Releasing her critically-acclaimed debut album SAWAYAMA in the height of a global pandemic was a brave decision for Rina to make, however her leap of faith paid off in leaps and bounds. The much applauded alternative-pop album has amassed over 100 million worldwide streams since release and ranked in over 50 album of the year lists for 2020, including New York Times (#2), The Guardian (#3), Dazed (#2), Rough Trade (#3), Rolling Stone (#6), Vogue (#14), NME (#7) and a prominent feature in the BBC’s Albums of the Year. Last year saw Rina grace the covers of Time Out London, Attitude Magazine, King Kong, Crash, DIY and more. But her place as a true popstar was truly cemented at the end of 2020 when she made her TV debut performing single XS on The Tonight Show Starring Jimmy Fallon.
SAWAYAMA was years in the making “I wanted to make sure it was the debut I wanted to make” she says, “and I wanted it to be an experience. I want this album to take people on a journey.” For Rina, no genre is off-limits, be it the early 00s boyband-era pop bangers that peppered 2017's celebrated mini-album, RINA; 2018's soulful pansexual anthem, Cherry or the nu-metal smash STFU! from her critically-acclaimed debut album SAWAYAMA. It's this daring attitude that's seen her be hailed as the ‘future of pop’ and join the upper echelons of left-field pop's current premier league, a move further augmented via multiple sold out headline shows, support slots with Years & Years and Charli XCX and a highly-anticipated headline tour in 2021.

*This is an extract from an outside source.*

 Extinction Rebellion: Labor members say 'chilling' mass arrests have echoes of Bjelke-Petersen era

Born in Japan but raised by her single mum in North London, she's always had to fight that little bit harder. Even when her determination and obvious intelligence landed her a place at Cambridge University studying politics, psychology and sociology, she had to put up with bullying and countless micro-aggressions, the continuation of the latter inspiring the pent-up aggression of STFU! and it's tongue-and-cheek video. When she graduated and subsequently turned down countless high-paid city jobs, much to her mum's chagrin, she funded her early music by modelling, working her way to the top of an industry with its own problems around race. Even in recent years – despite her hyper-modern bops being written about by the likes of Fader, The Guardian, Paper and the New York Times – she's relied on her side projects as a way of funding her real passion; music. “I've done a lot of brand campaigns recently that I've worked around tours and recording,” she says. “It's great, I'm so lucky, but truth be told I didn't keep any of that money, it just went right back into the music. I realised I hadn't saved anything.” And that's why her chosen record label home, Dirty Hit are so important. There's only so much a self-confessed “typical freelance Londoner” can do.

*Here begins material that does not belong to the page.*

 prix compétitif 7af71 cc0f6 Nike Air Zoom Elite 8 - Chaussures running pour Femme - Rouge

SAWAYAMA saw Rina work with regular collaborator Clarence Clarity in London, and in LA with the likes of Bram Inscore (Troye Sivan), BloodPop (Lady Gaga), Nate Company (Carly Rae Jepsen) and Nicole Morier (Britney). “I wanted to make the songs better and push myself constantly,” she says of working with new collaborators, a list that also includes Danny L Harle, Lauren Aquilina and Jonny Lattimer. “People always want the same thing, but I didn't want to do it.” Throughout the record, Rina touched on many personal themes. “Previously I've put this sort of societal angle on it, because that pleases me, trying to take my story and make it into a bigger thing,” she explains. “But I've been using music quite therapeutically recently, to understand things that are happening in my life.”
Rounding off 2020, Rina released the deluxe version of SAWAYAMA which provided a further extension of the already esteemed debut. The extended version of the album featured the addictive BloodPop (Lady Gaga, Justin Bieber) produced single LUCID, which married Rina’s mesmeric vocals with a kaleidoscopic-like dance soundscape. Other fan favourites are also included in the deluxe edition like XS ft Bree Runway, Comme Des Garçons (Like The Boys) Pabllo Vittar Remix and cover The 1975’s Love it If We Made It alongside previously unreleased tracks; We Out Here which highlights resilience and being true to yourself whilst Bees & Honey serves future nostalgia and emphasises the need to celebrate hard work.
Rina Sawayama, aka pop’s brightest new superstar, reigned supreme over 2020 but strap in, as things have only just begun.